Have I decoded the patch correctly?

        if (symbol_conf.prefer_latency) {
                if (symbol_conf.cumulate_callchain)
                        keys = prefix_if_not_in("latency_children", keys);
                else
                        keys = prefix_if_not_in("latency", keys);
        } else {
                if (symbol_conf.cumulate_callchain)
                        keys = prefix_if_not_in("overhead_children", keys);
                else
                        keys = prefix_if_not_in("overhead", keys);
        }

If I decoded the patch correctly, it's not what we want.

For the default prefer_latency case we also want to add overhead, that
was intentional for the --latency preset. It does not harm, and allows
to see/compare differences in latency and overhead.
Again, if a user wants something custom, there is no way to second
guess all possible intentions. For non-default cases, we just let the
user say what exactly they want, and we will follow that.

"latency" should be added even if cumulate_callchain.

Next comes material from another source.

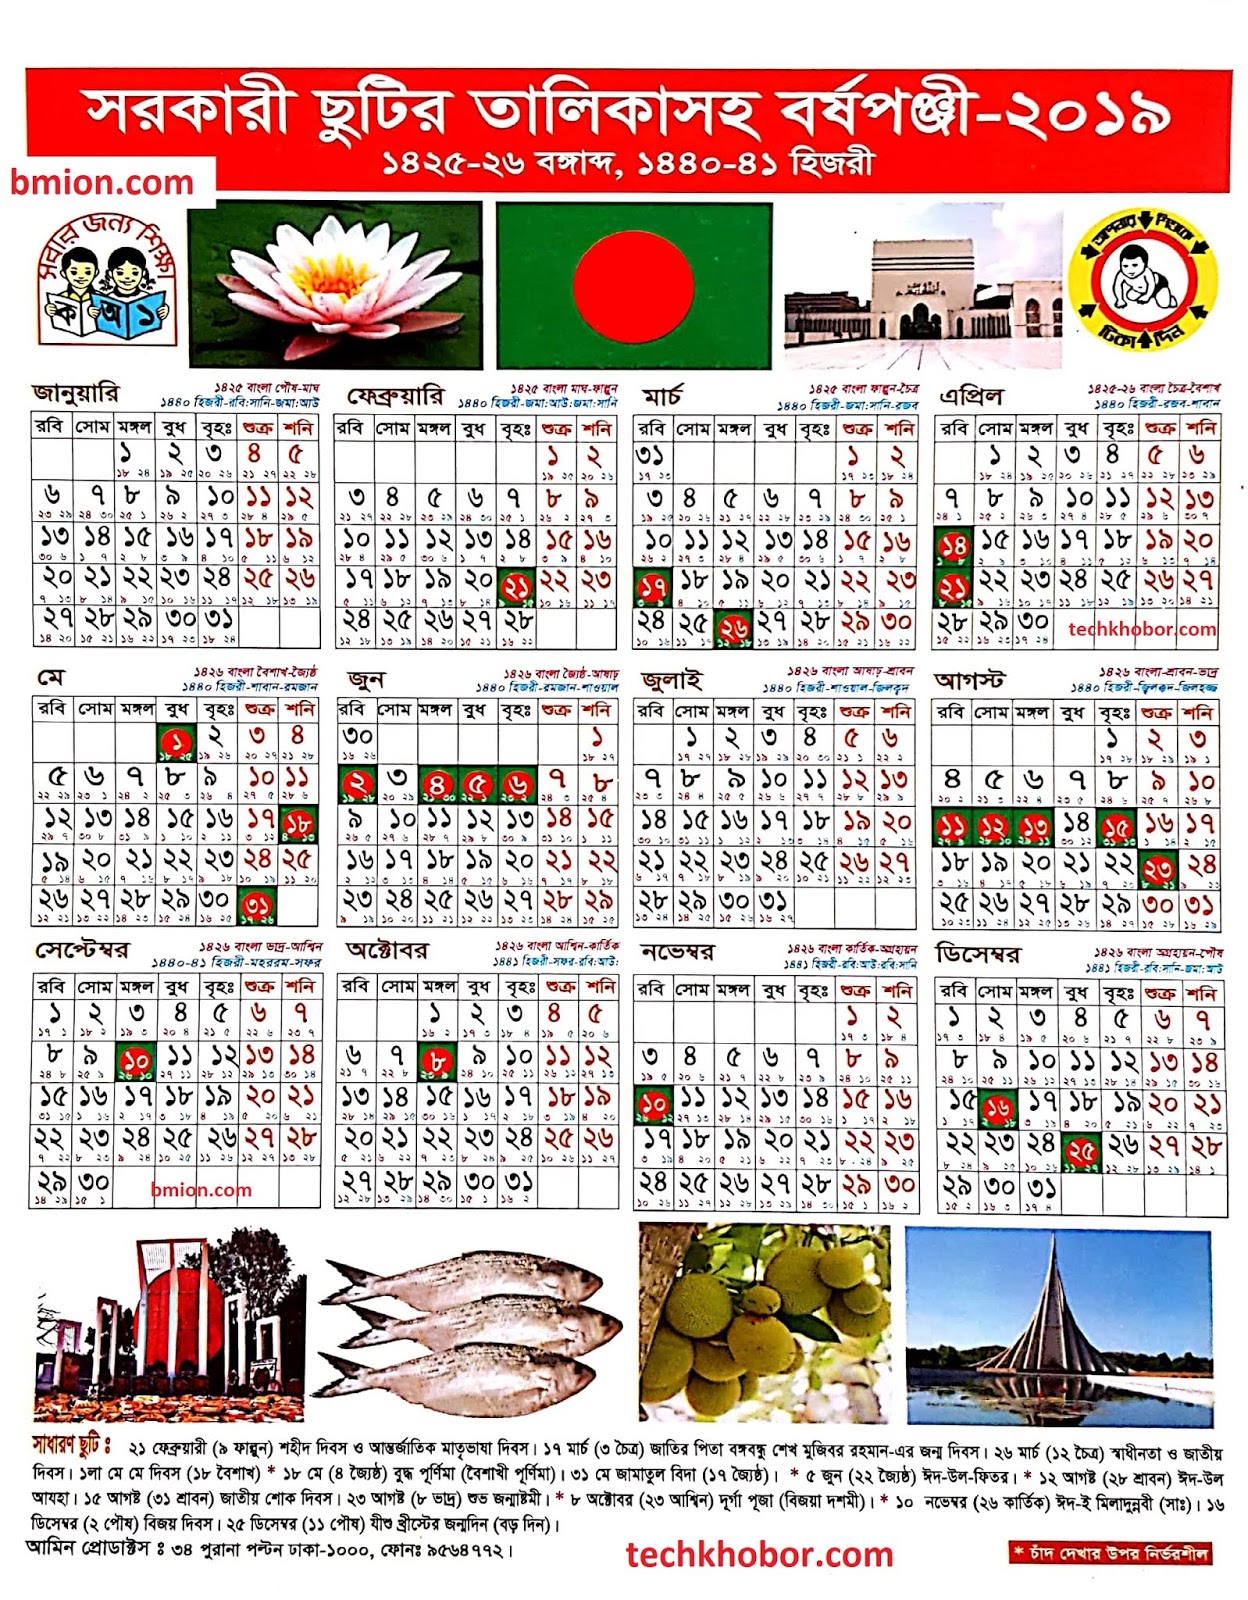 bengali-calendar-february-2022

For the !prefer_latency case, we don't want to mess with
overhead/latency fields if the user specified any of them explicitly.
Otherwise this convenience part gets in the user's way and does not
allow them to do what they want. User says "I want X" and perf says
"screw you, I will give you Y instead, and won't allow you to possibly
do X".

And see above: -F does not work with --hierarchy, so this part is unskippable.